Most campers come back year after year. The cost per child is $400. Donations are welcome, and quarterly luncheons held at the Century Club in Sterling Heights help with expenses. Sponsorships are available.
‘Grace’ of the game
The campers spent part of their rainy morning July 23 inside the camp’s nondenominational chapel playing Jeopardy, based on the TV game show. A showdown was heating up as the next question was on deck. The four teams — competing for points — listened carefully. “What is a female fox called?” Camper Ryan Buckman raised his hand.
“A vixen,” the 20-year-old Fraser resident answered correctly, before admitting counselor Ryan Hargraves tipped him off.
“We’re allowed to give each team one (hint),” Hargraves, 23, of Grand Rapids, said.
“He’s one of our favorite campers,” Perri said of Buckman. “He’s been camping a long time. He’s so enthusiastic and fun.”
“I kind of like coming to camp,” Buckman said. “I like being with my friends, and arts and crafts.”
As the game continued, Perri affectionately asked who the smartest team was.
“We are,” Warren resident Rachel Lobur called out from the Blue Angels team.
Next question: “In which movie would you see the characters Blu and Jewel?” Eleven-year-old Hailey Reinke was confident.
“Oh, I know,” the West Bloomfield resident said. “Rio.”
When the scores were tallied, it was the Blue Angels team that came out on top with 6,300 points. Freedom finished with 5,000, followed by Team Awesome with 4,700 points. The Beary Butterflies finished with 4,400 points.
“It doesn’t matter because you’re all winners,” counselor Luke Bandoski, 20, said.
Excitement had been building all day because the camp’s annual dance would be held that evening, something Farmington Hills resident Ethan Edsall, 16, eagerly anticipated. On the evening before, the kids played The Dating Game to determine who would be their date for the dance. On dance night, the boy campers pick up their dates at their cabins. Buckman was partnered with 18-year-old Hanna Mitchell, of Plymouth.
“I do good dance moves,” Buckman promised.
For Reinke, camp is all about playing with her friends Maggie, Emily, Ruby, Tory and Hayley.
“I like swimming,” said Reinke, whose 10-year-old sister Brianna also attends camp. “I like playing on the playground. The counselors — they’re nice.”
Visiting the camp stirs up warm feelings for Camp Grace Bentley events chairman Rusty Dellofano. The Marysville resident, now 66, began attending the camp when she was 7 years old and continued coming back until she was about 14.
“It looks the same. It still feels the same.
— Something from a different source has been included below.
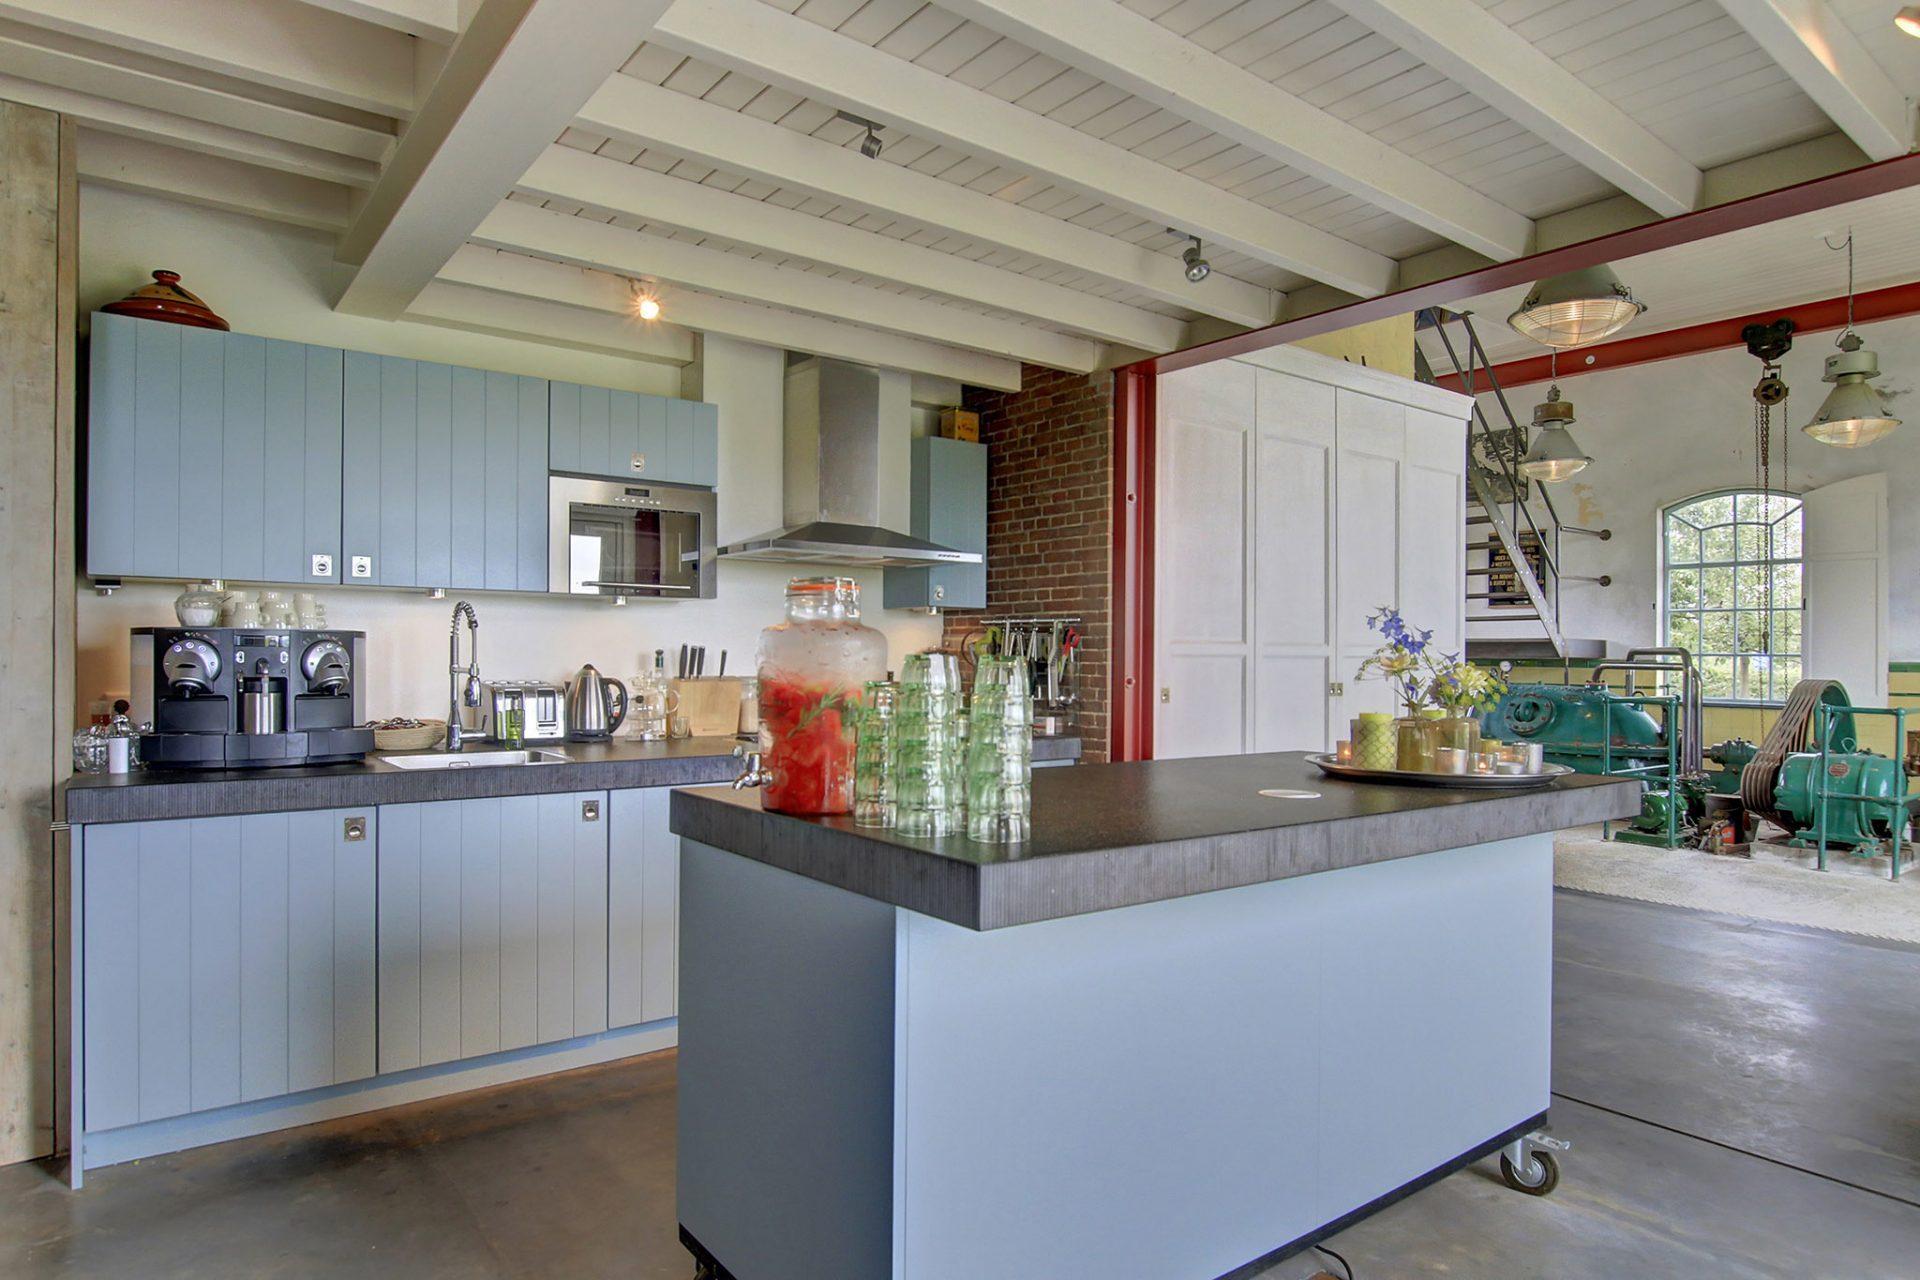 Kleinschalige vergaderlocatie met volledig ingerichte keuken - en kok op verzoek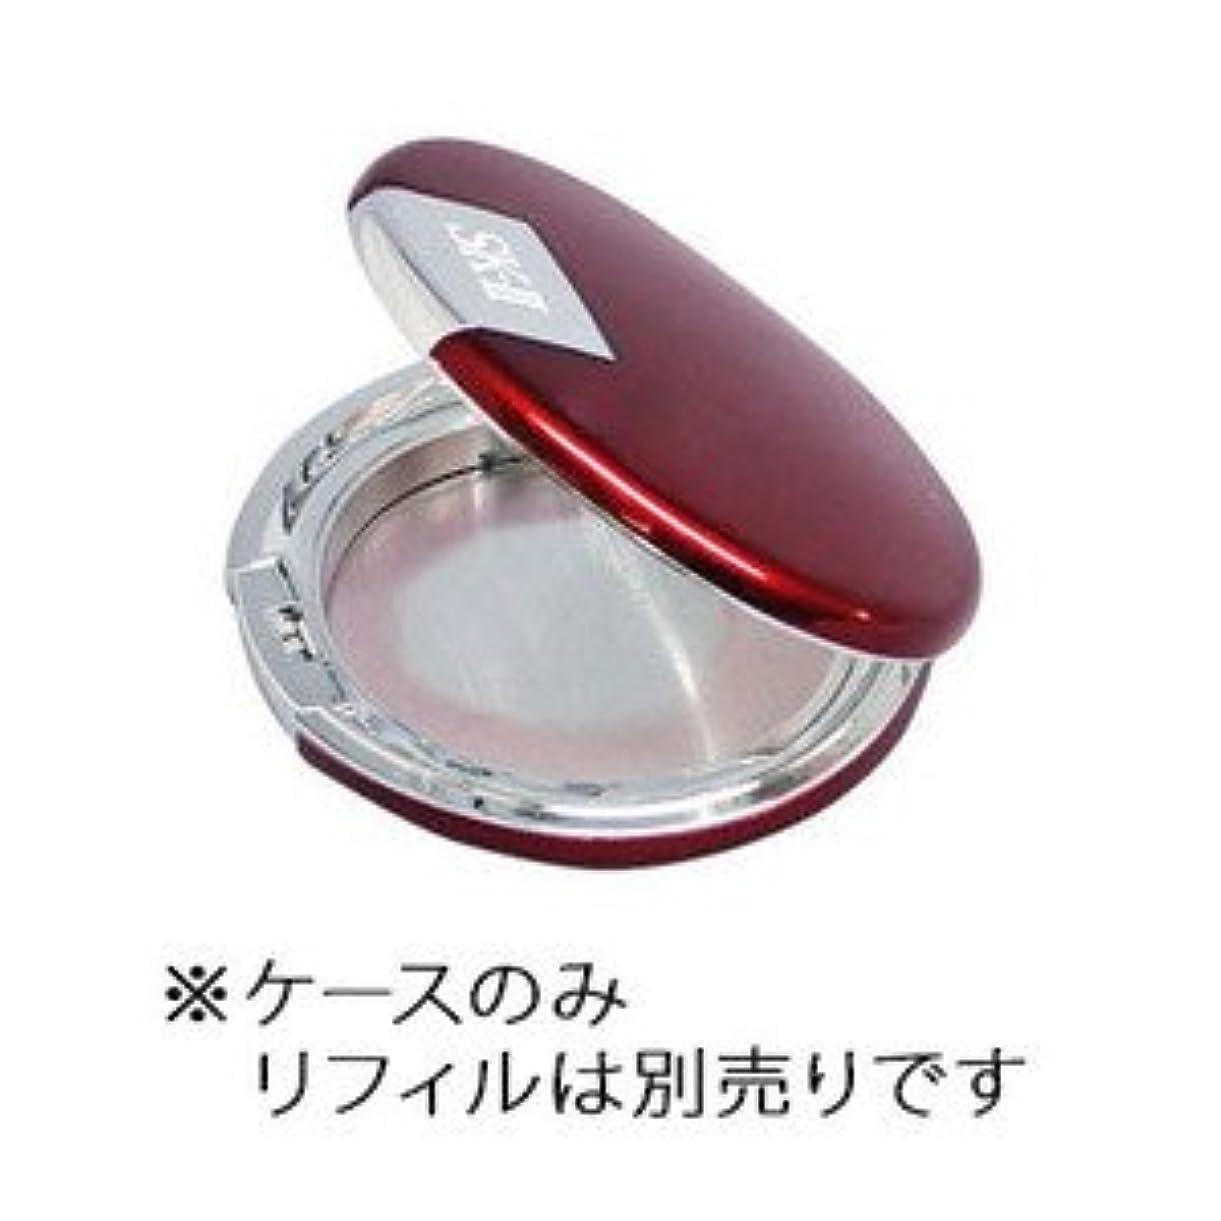 花瓶大事にする限定SK-Ⅱ コンパクト フォア プレストパウダー (レッド)

I know how much it meant to me,” said Dellofano, who grew up on Detroit’s eastside. Dellofano was born with a heart condition.
“I didn’t pump enough blood,” she said. The condition often made her tired, and she couldn’t keep up with other kids. “Somehow, over the years, I’m fine. I do very well.”
Dellofano’s favorite Camp Grace Bentley activity was drama. She acted in several plays. In one performance, she portrayed a maid and clearly remembered reciting the line, “The floor shined like a baby’s butt.”
“It was fun. We’d go to woodshop. We put on plays, dances and baseball games.”
Sitting on the wall by the lake was also a pastime.
“Transistor radios had just come out,” she said. “We’d listen to our radios.”
The Detroit Times even featured a story on the camp in its edition dated Aug. 16, 1953. The story included a photo of many kids, including Dellofano as a young girl. Dellofano still has a copy.